The key word for interpreting the role of conscience in the "new paradigm" is that of "discernment", defined as "a continuous back and forth between reasoning and experience" (TB 124), in which the moral norm, considered as the sedimentation and communitarian sharing of discernments verified in experience, and therefore always "abstract," is interpreted, in the light of the multiple and singular circumstances of the situation, by the conscience. Indeed, the appeal to discernment becomes the tool for elaborating an ethics of intention and of circumstances, which nullifies the primacy of the object in the moral qualification of human acts (VS 78). (…)
Another key concept, which characterises the "new paradigm", is that of the "possible good" (TB 104. 129), which was also used in the post-synodal apostolic exhortation Amoris laetitia (n. 308). This is a highly problematic notion that needs clarification. On the one hand, in fact, it expresses the completely traditional idea that only what is possible can be an obliging good (ad impossibilia nemo tenetur). On the other hand, however, when it is used, as is the case in the Foundational Text (testo base), in reference to alleged conflicts of norms, to affirm that they would only constitute an ideal too difficult to ask for, then, as Angel Rodriguez Luño rightly observed, “ one runs the risk of making the possible good the middle name of evil.”. (…)
It is precisely here that the most critical point of the proposal for the "new paradigm" occurs. In the name of an equivocal personalism and a primacy of conscience, it denies the possibility that absolutes exist in moral life, that is, negative moral norms which, due to their objective intentional content, are incompatible with the good of the person, that is, with the moral and with charity. As the encyclical of Saint John Paul II Veritatis splendor, in n. 78 teaches, such acts are always and in every case excluded, because they are contrary to God's commandments, and they cannot be subjected to a subjective discernment of conscience, which allows them exceptionally as the only "possible good".
Thus we see how what is lost in the so-called "new paradigm" is precisely the mystery of moral action itself, that is, that intimate link between the person and his act, by which the acting subject, through his free choices, not only produces changes in the external world, but also changes himself, in some way generating his own ethical identity. (…)
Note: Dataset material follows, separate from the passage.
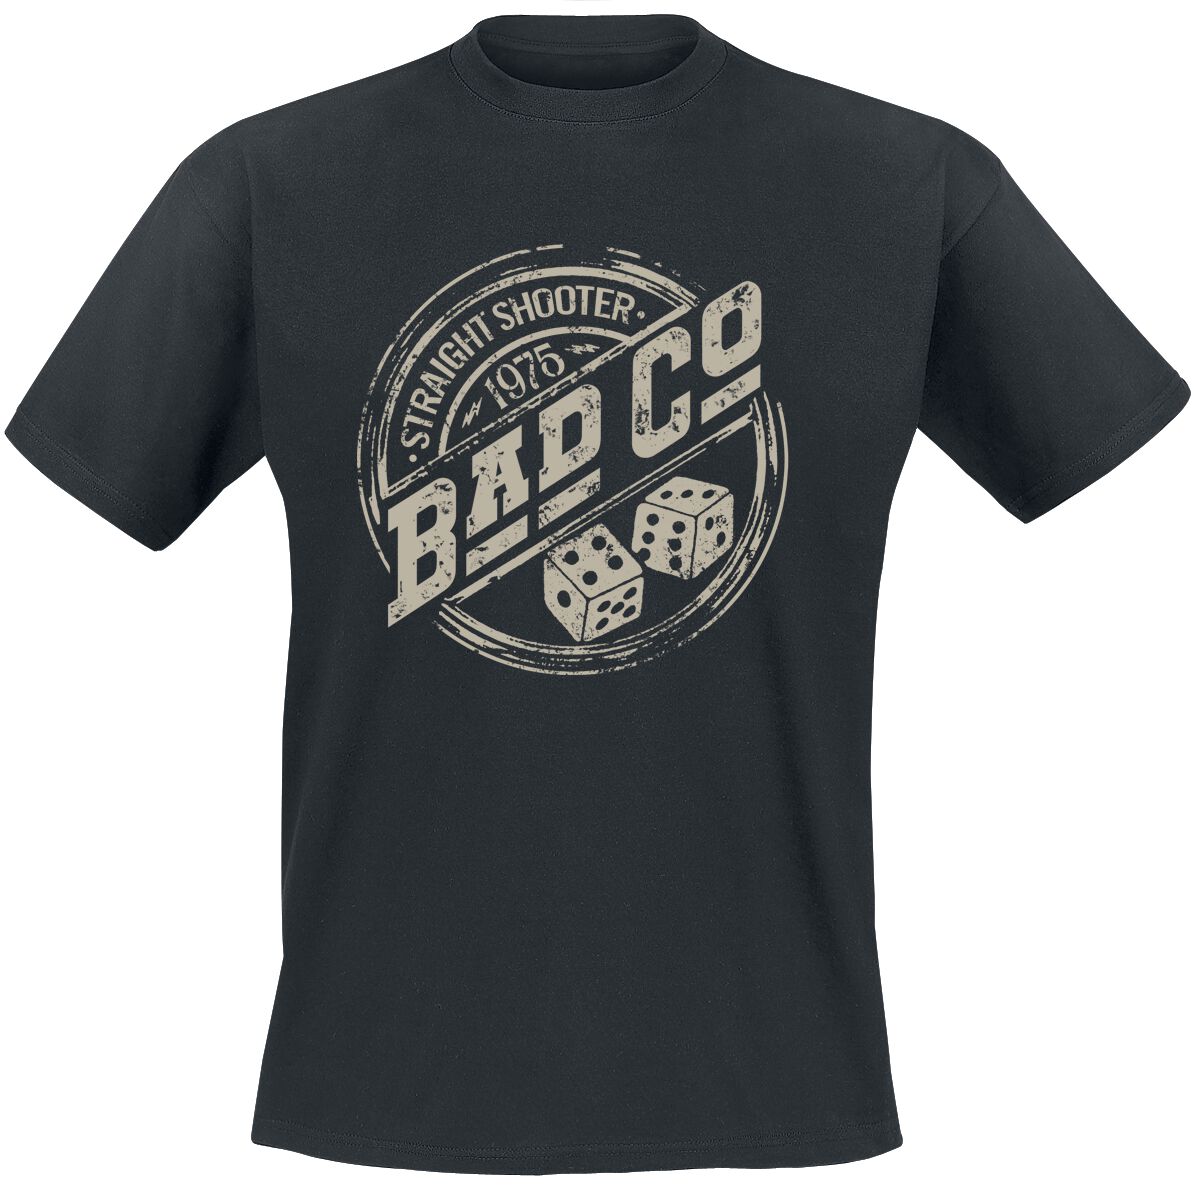 Bad Company T-Shirt - Straight Shooter - S bis XXL - für Männer - Größe M - schwarz  - EMP exklusives Merchandise!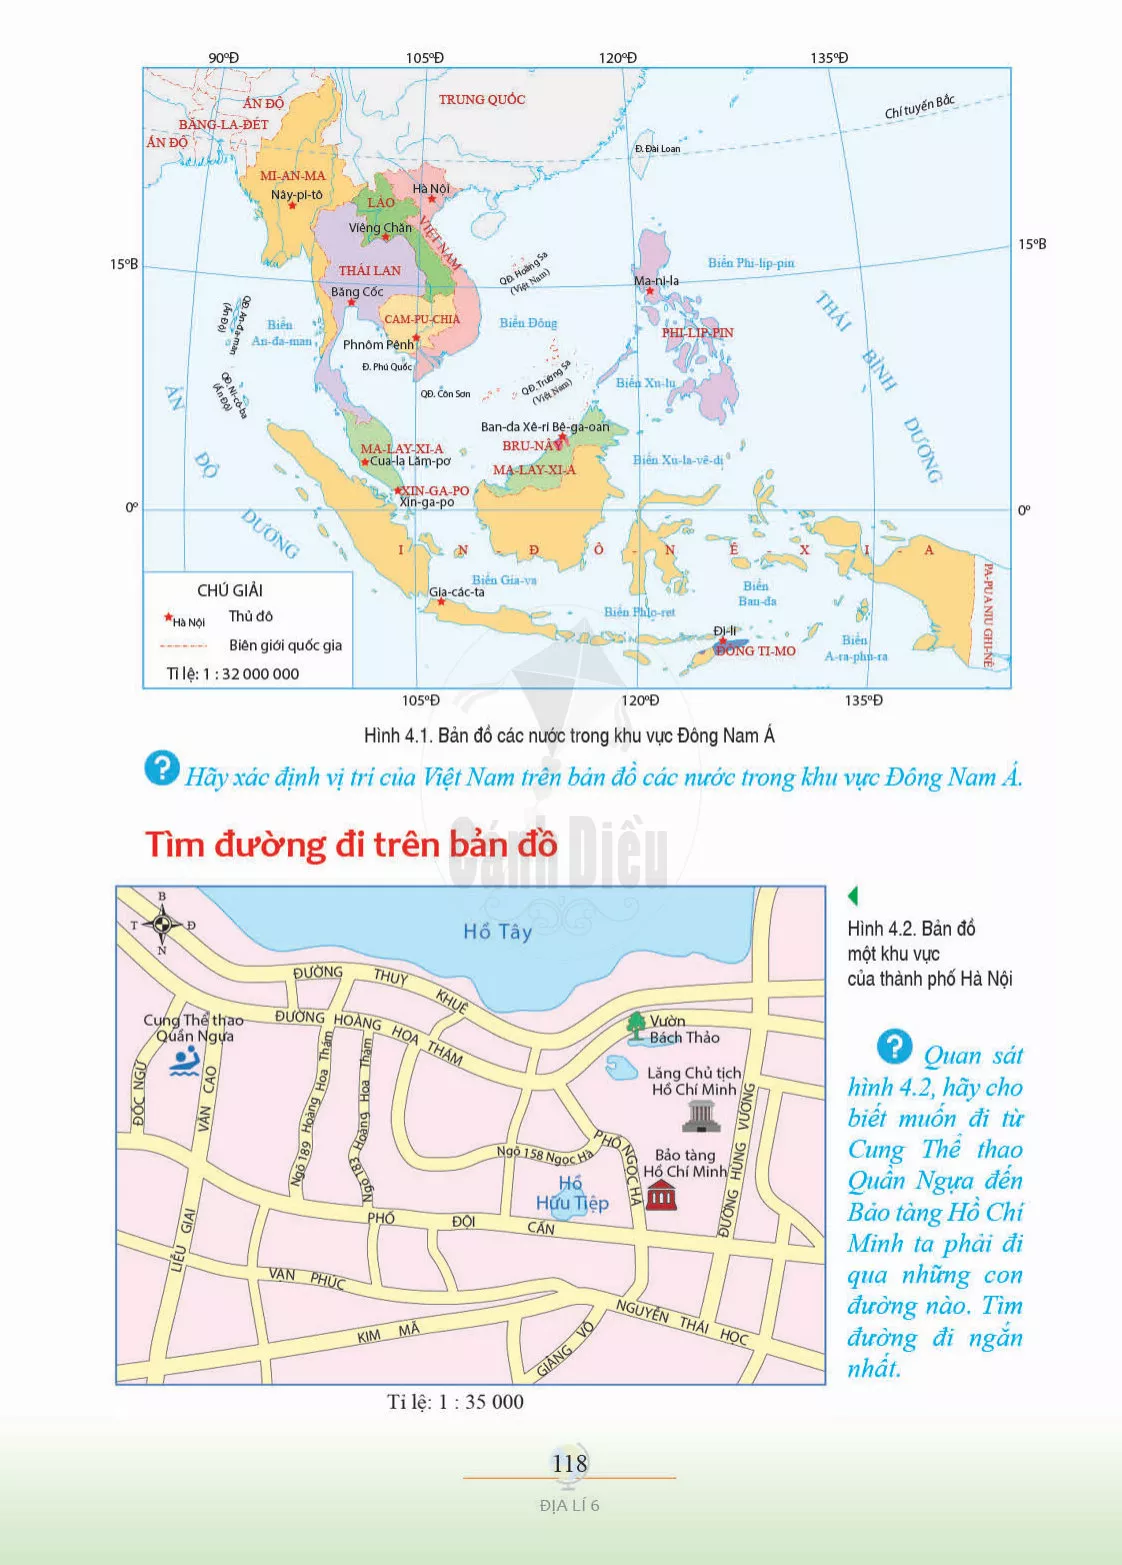 Bài 4. Thực hành: Đọc bản đồ. Xác định vị trí của đối tượng địa lí trên bản đồ. Tìm đường đi trên bản đồ

Going “beyond” the letter of the law?
The Foundational Text proposed by the Pontifical Academy for Life proposes (…) a re-reading of the moral norms taught by the Magisterium in the encyclical Humanae vitae and in the instruction Donum vitae, concerning contraception and medically assisted procreation, on the basis of which the discernment of conscience could lead to going beyond the letter of the prohibition. (…)
As can be seen, we are not dealing here only with an interpretation that shapes the meaning of the moral norm, but with a real questioning of the entirety of sexual morality and the morality of life, which the Catholic Church has taught so far. In fact, moral norms are not only expressions of a human legislative will or historical synthesis of culturally marked experiences, but they express the demands of a truth about human love in the divine plan, which sees human sexuality as a call to love in respect of the language of the body, in the gift of self, and in the openness to the further gift of life, which comes from God.
When the moral precepts that protect the self-offering meaning of sexuality and human generation are contradicted, in reality we are not only going beyond the letter of a particular norm, but we are going against the spirit and meaning of the very law that God has written in our heart and revealed to us in the history of salvation.